#### YOUR ASSIGNMENT:
Ignoring every picture, transcribe the data in full as it stands.

#### COLLECTED DATA:
****

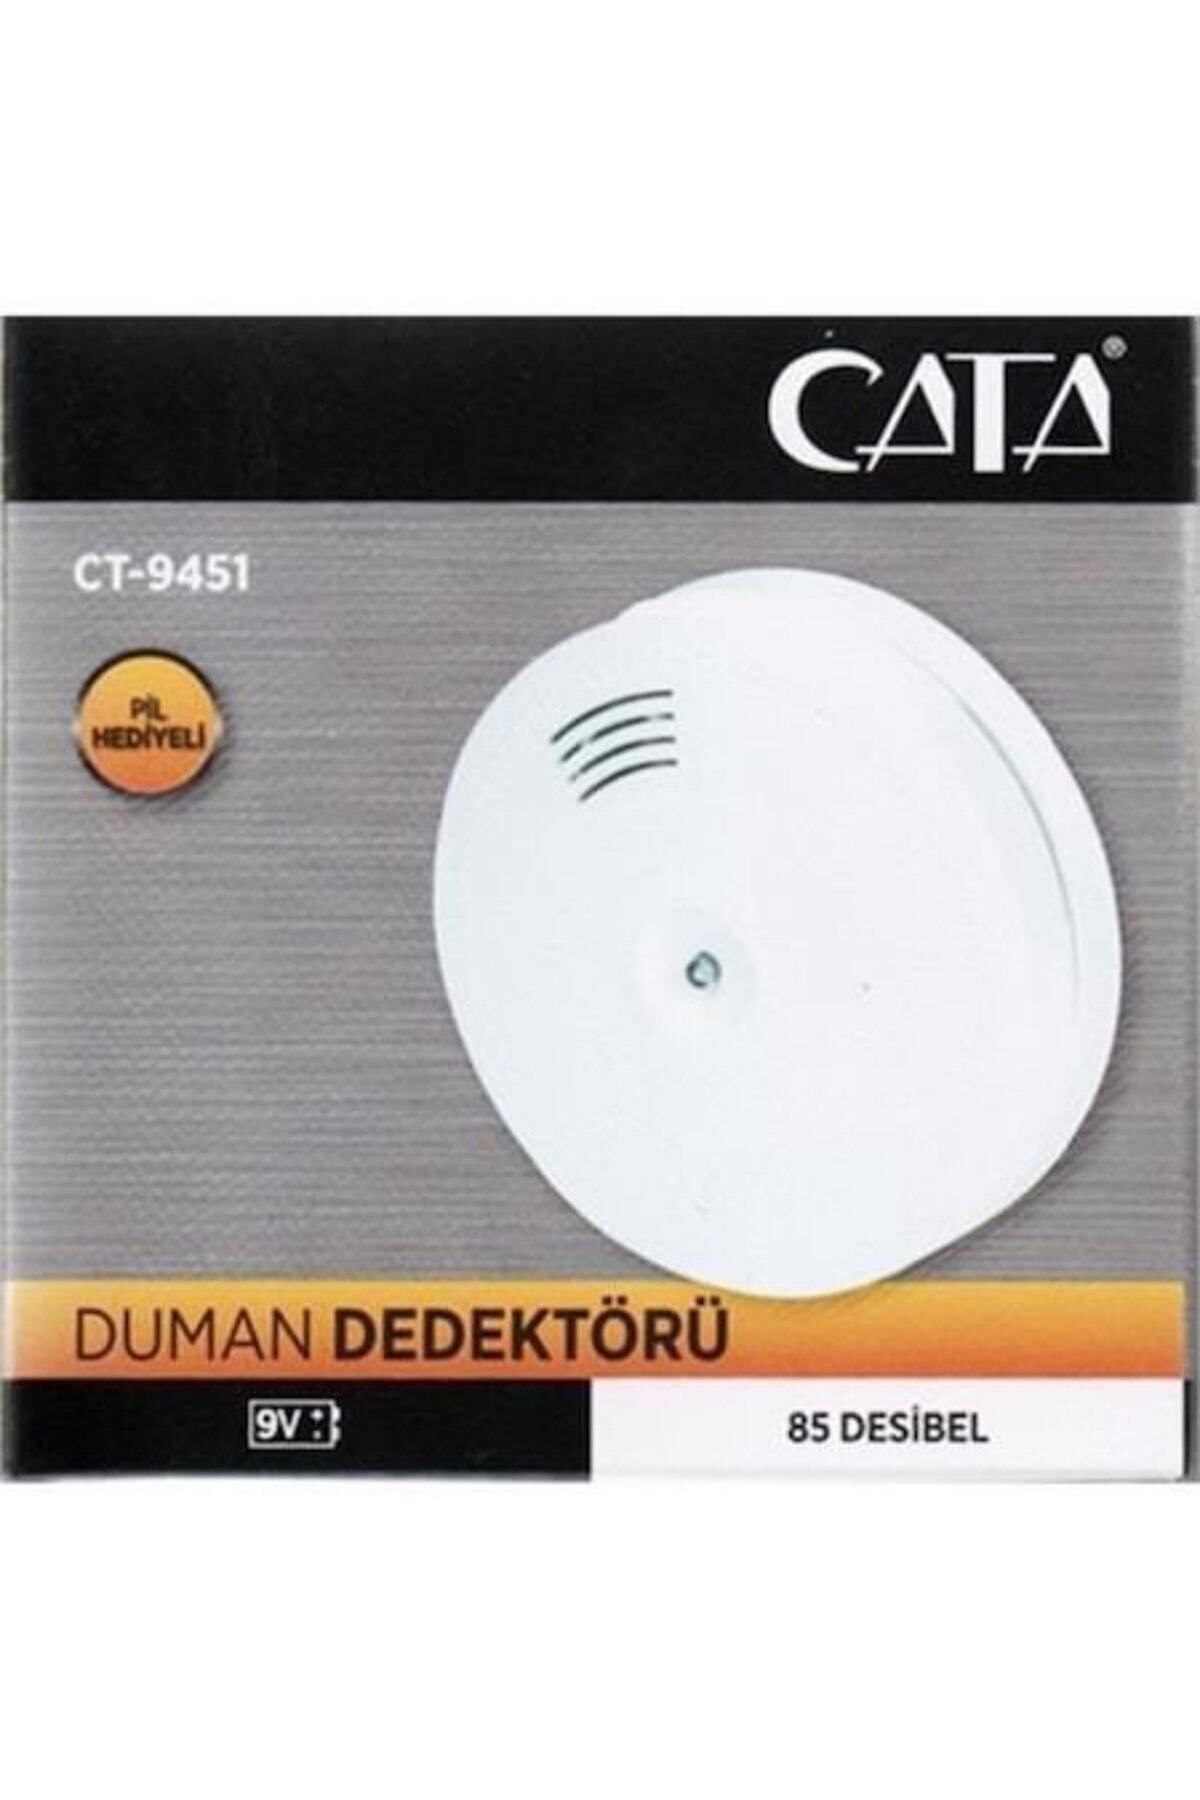 Cata Ct-9451 Duman Dedektörü Pilli
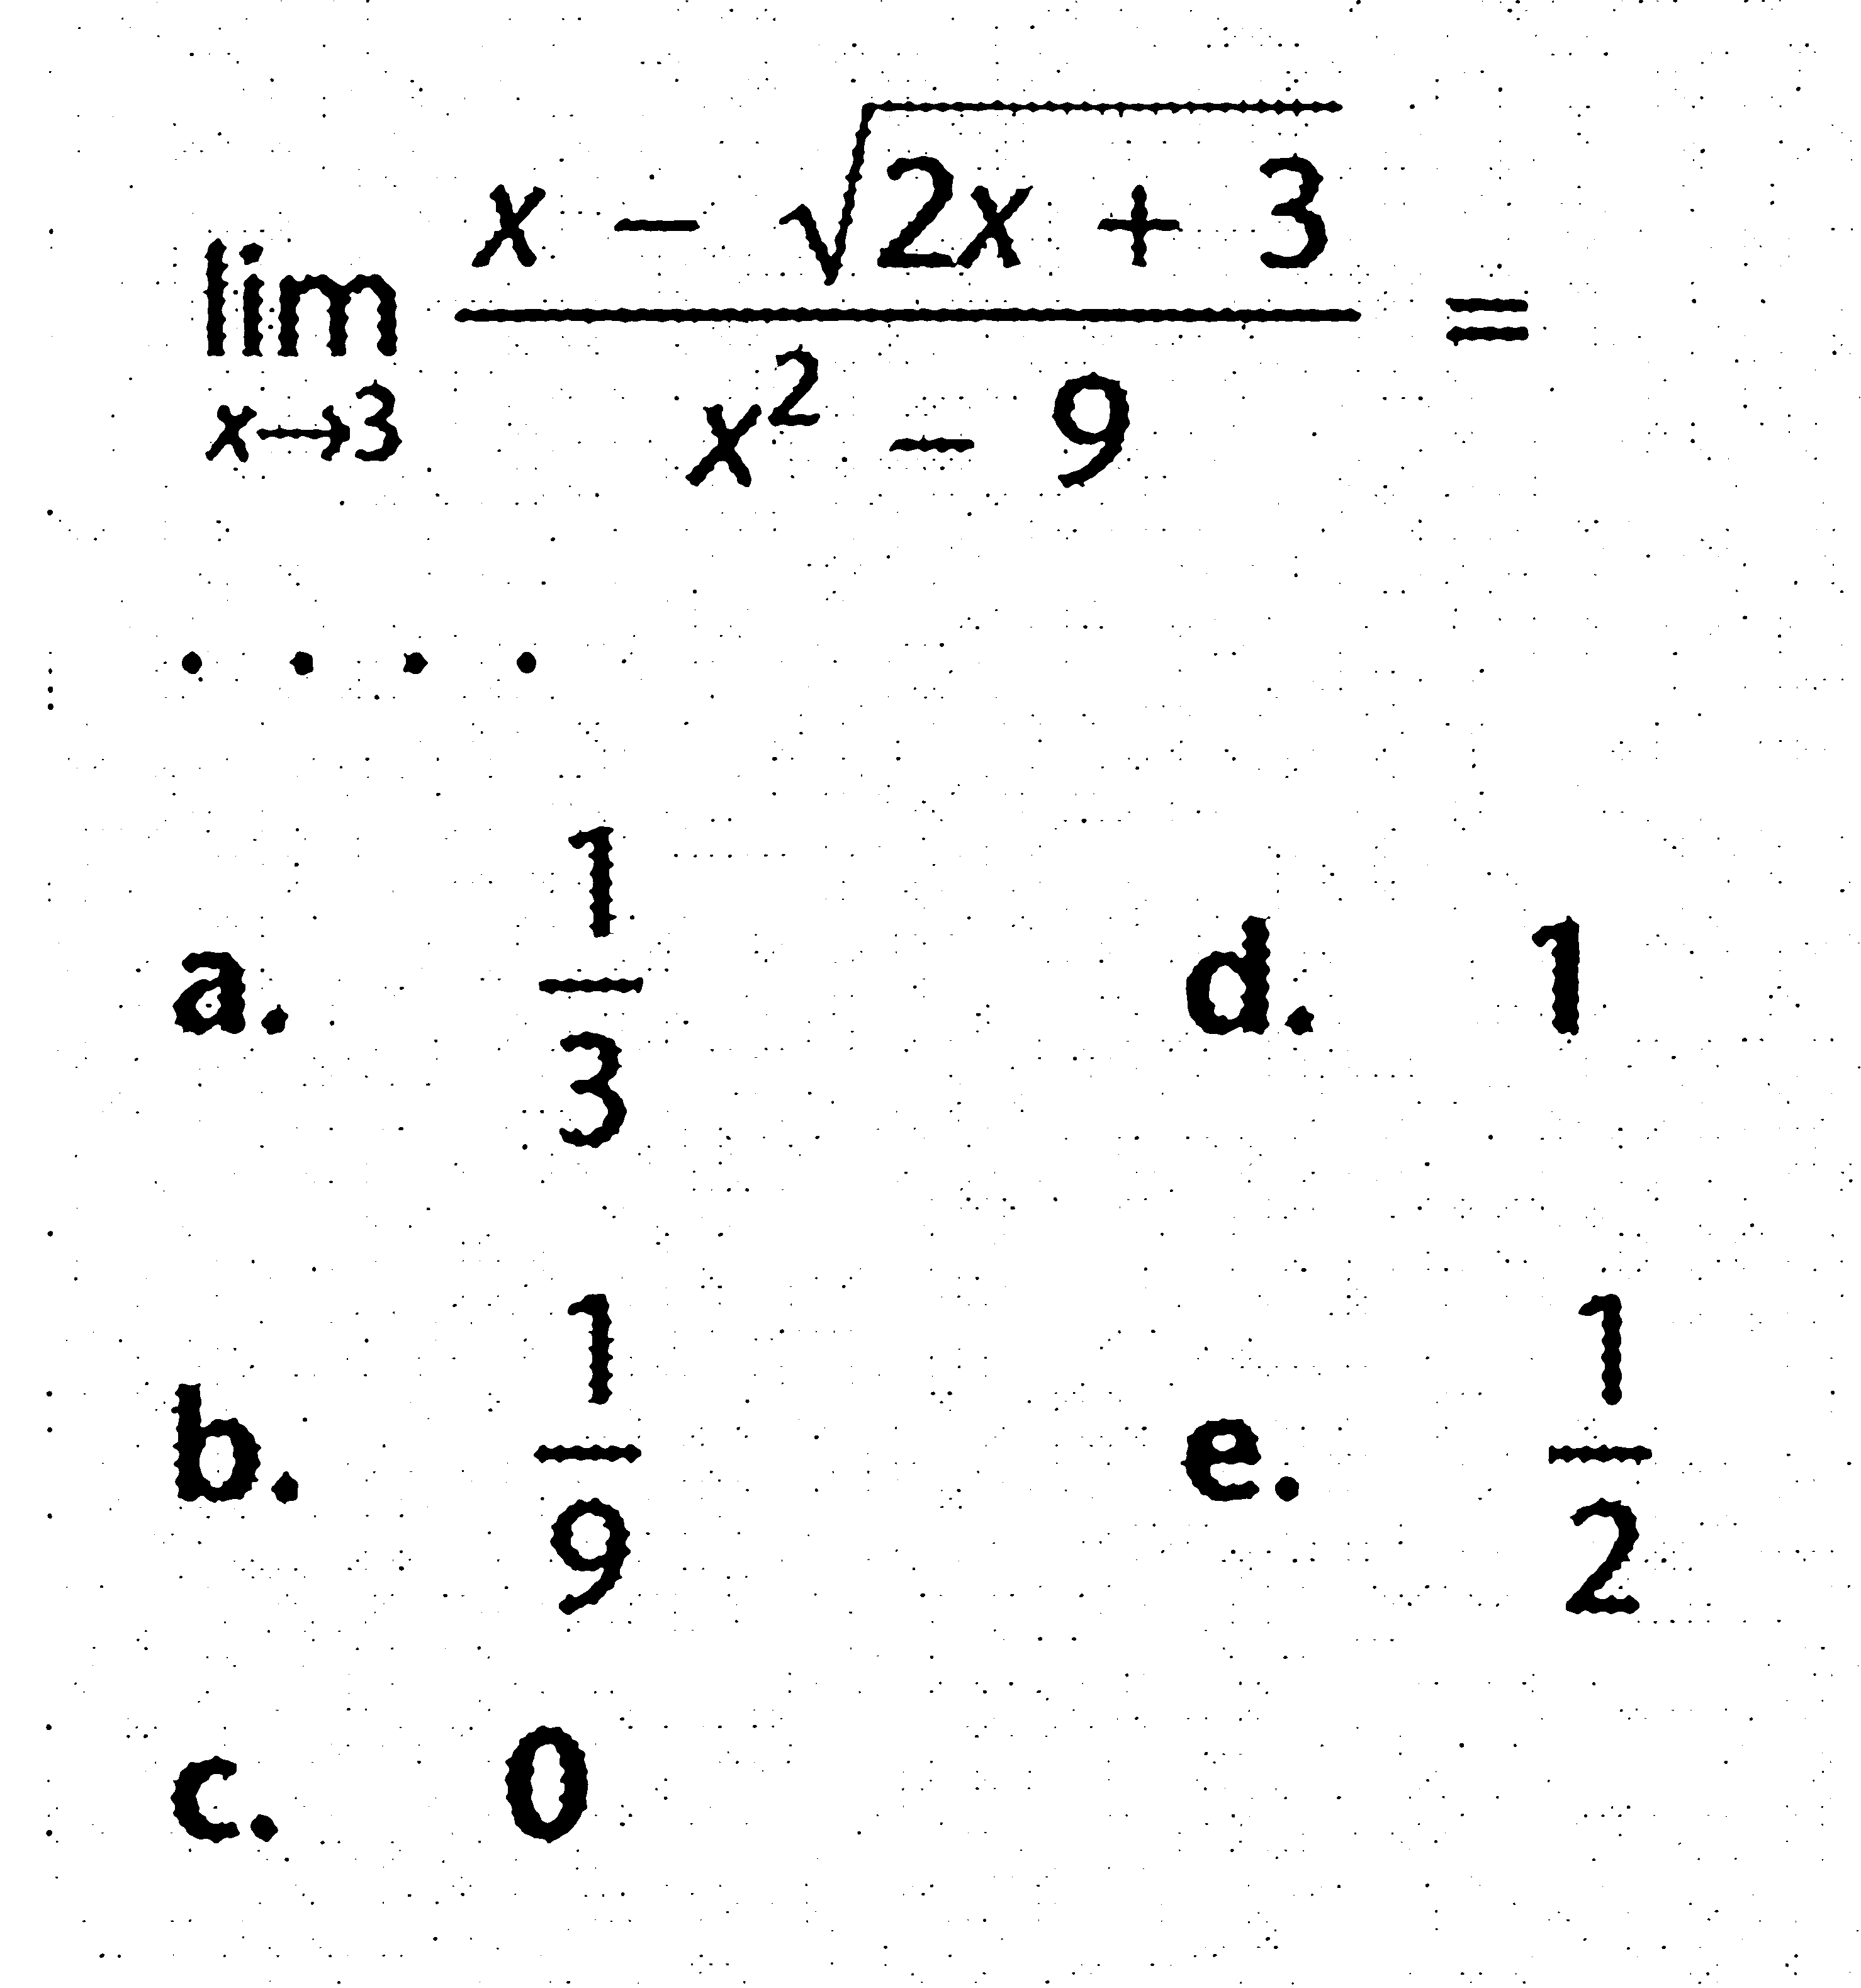 lim x->3 (x-akar(2x+3))/(x^2-9)=
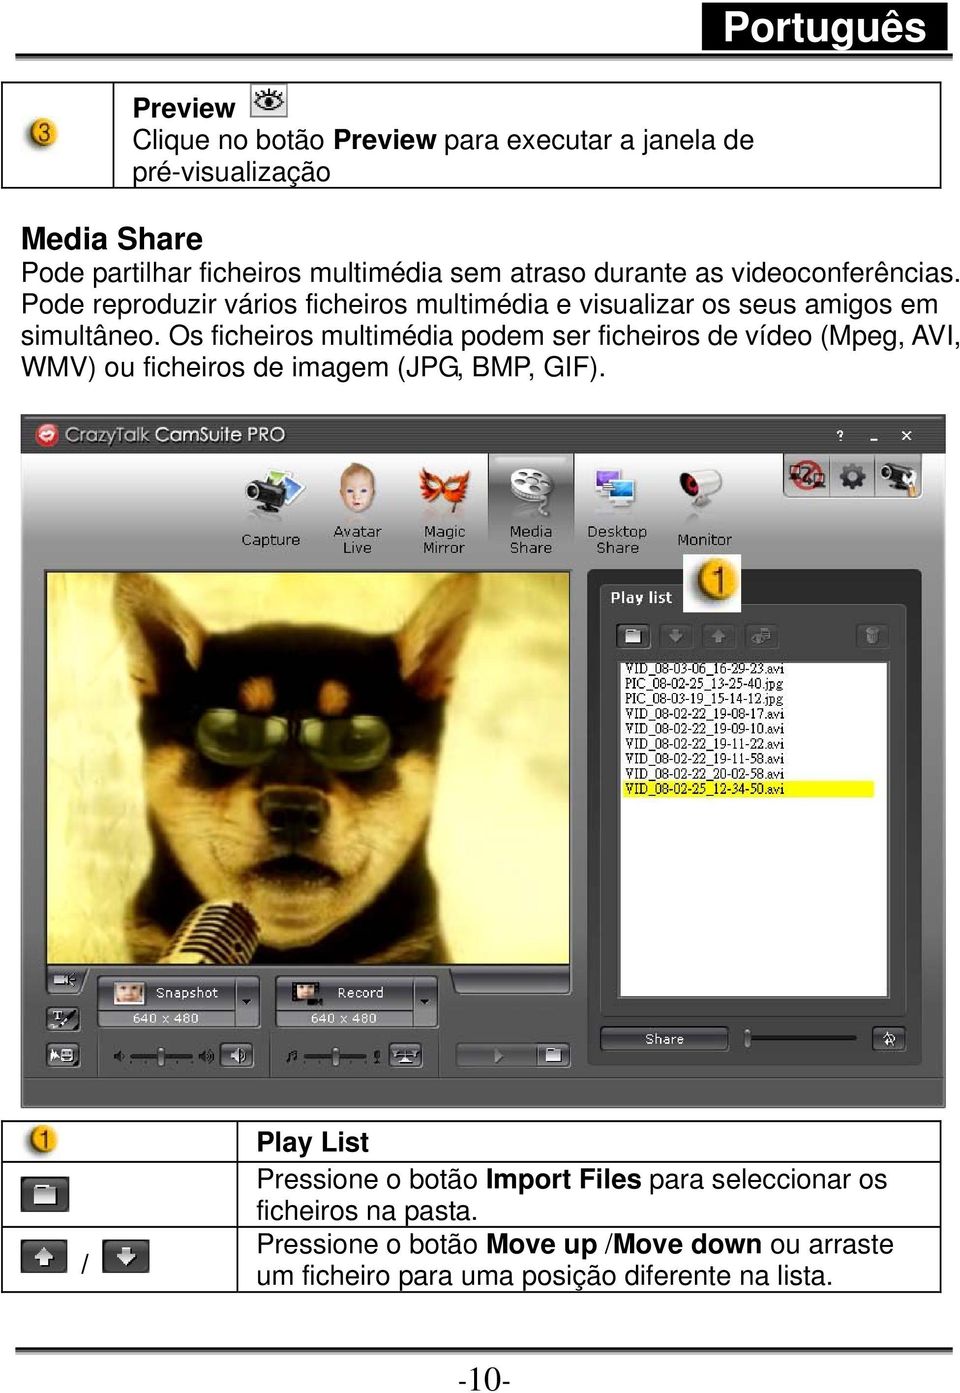 Os ficheiros multimédia podem ser ficheiros de vídeo (Mpeg, AVI, WMV) ou ficheiros de imagem (JPG, BMP, GIF).

****

#### THE COMPLETED TASK:
 Cata Ct-9451 Duman Dedektörü Pilli
 lim x->3 (x-akar(2x+3))/(x^2-9)=
 Os ficheiros multimédia podem ser ficheiros de vídeo (Mpeg, AVI, WMV) ou ficheiros de imagem (JPG, BMP, GIF).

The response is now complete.